* [Recorded information]:
-*-

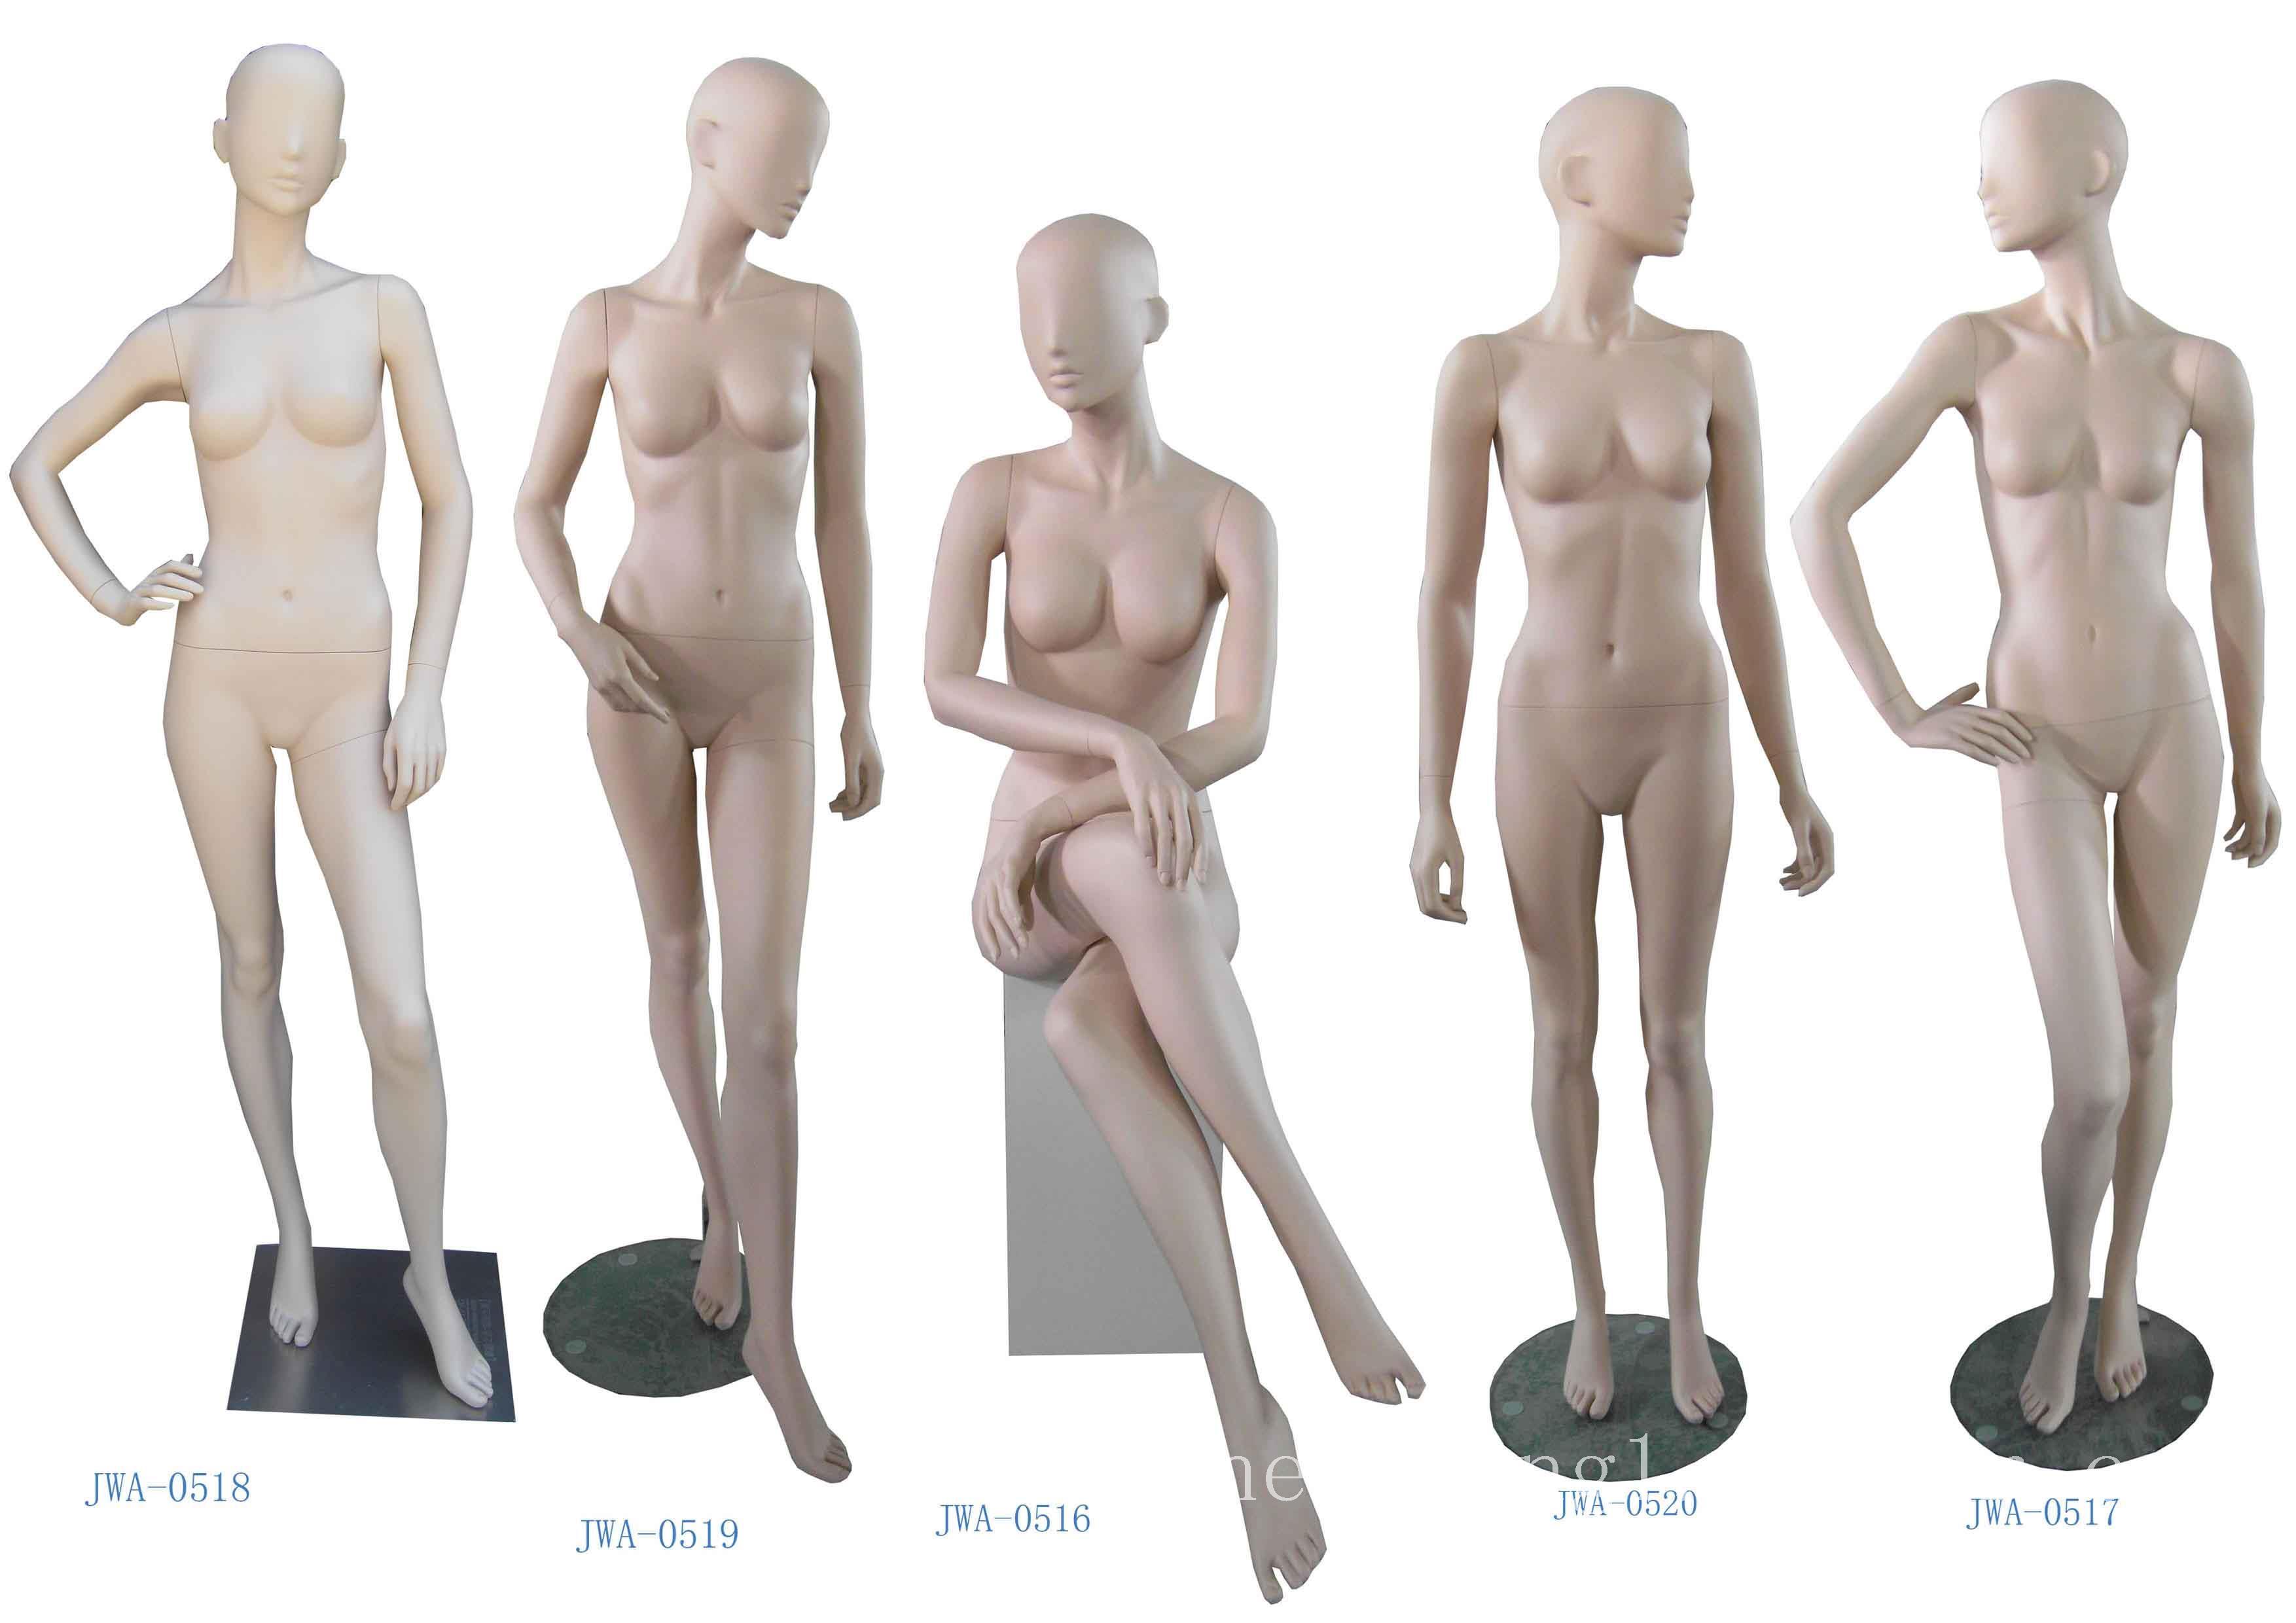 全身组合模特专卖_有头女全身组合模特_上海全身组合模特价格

-*-

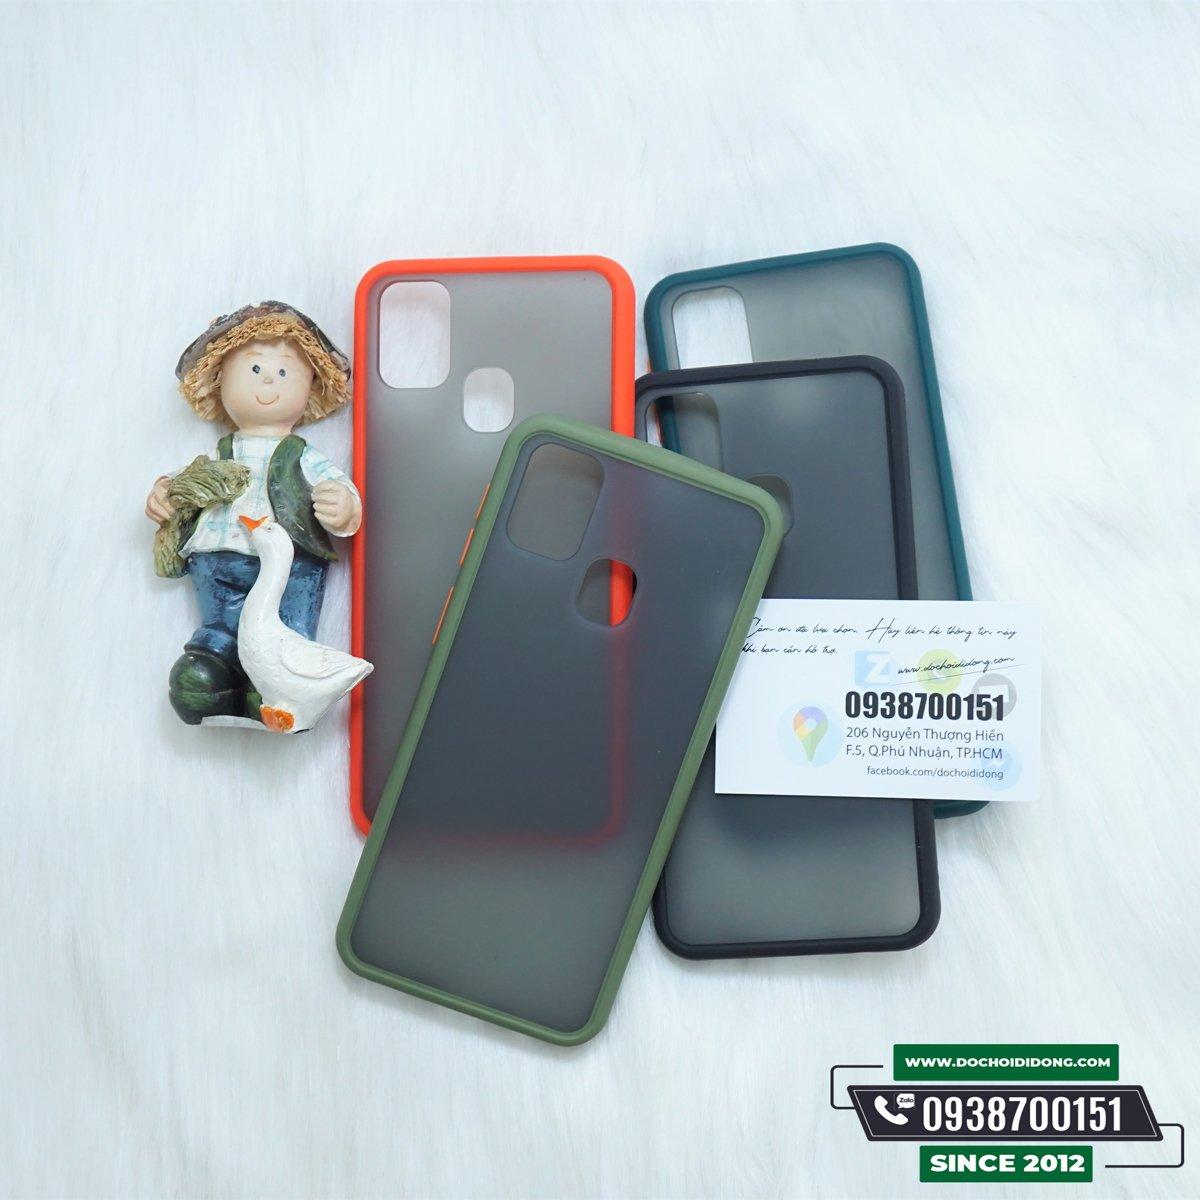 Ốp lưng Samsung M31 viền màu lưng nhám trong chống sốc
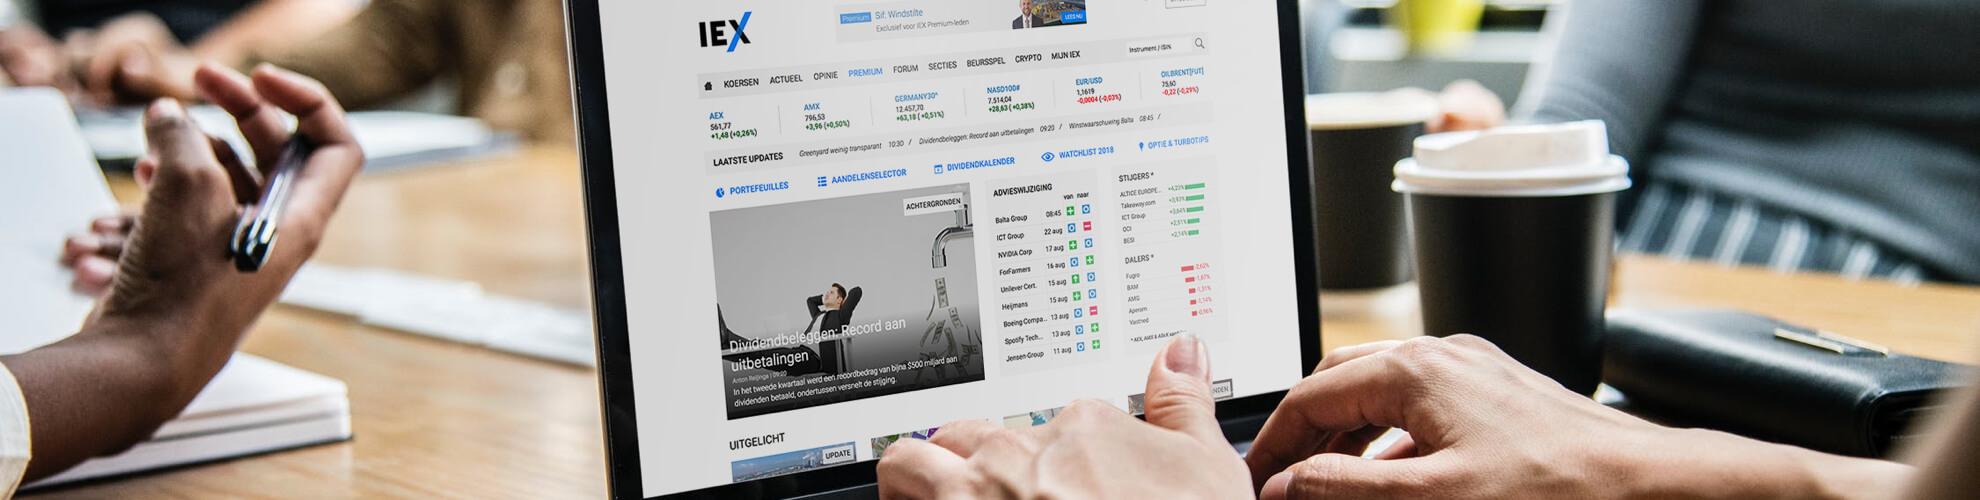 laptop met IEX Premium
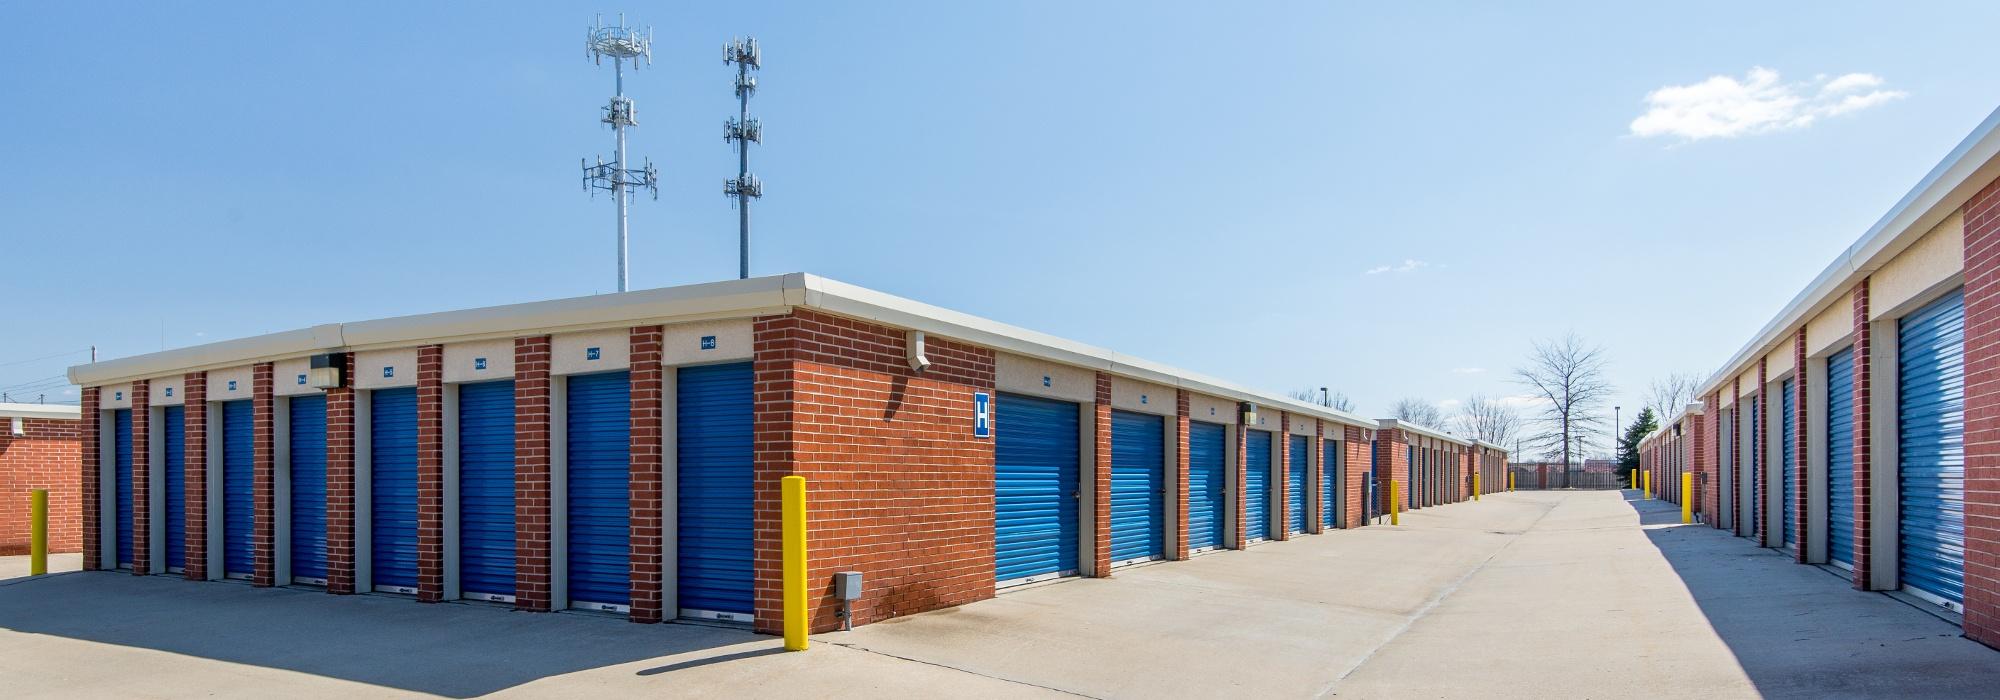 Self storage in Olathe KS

-*-

* [Work instruction]:
Excluding any pictures, print exactly the lines of the listing above from the line with "laptop met IEX Premium" to the line with "Self storage in Olathe KS", both ends included.

* [Response below]:
 laptop met IEX Premium
 Self storage in Olathe KS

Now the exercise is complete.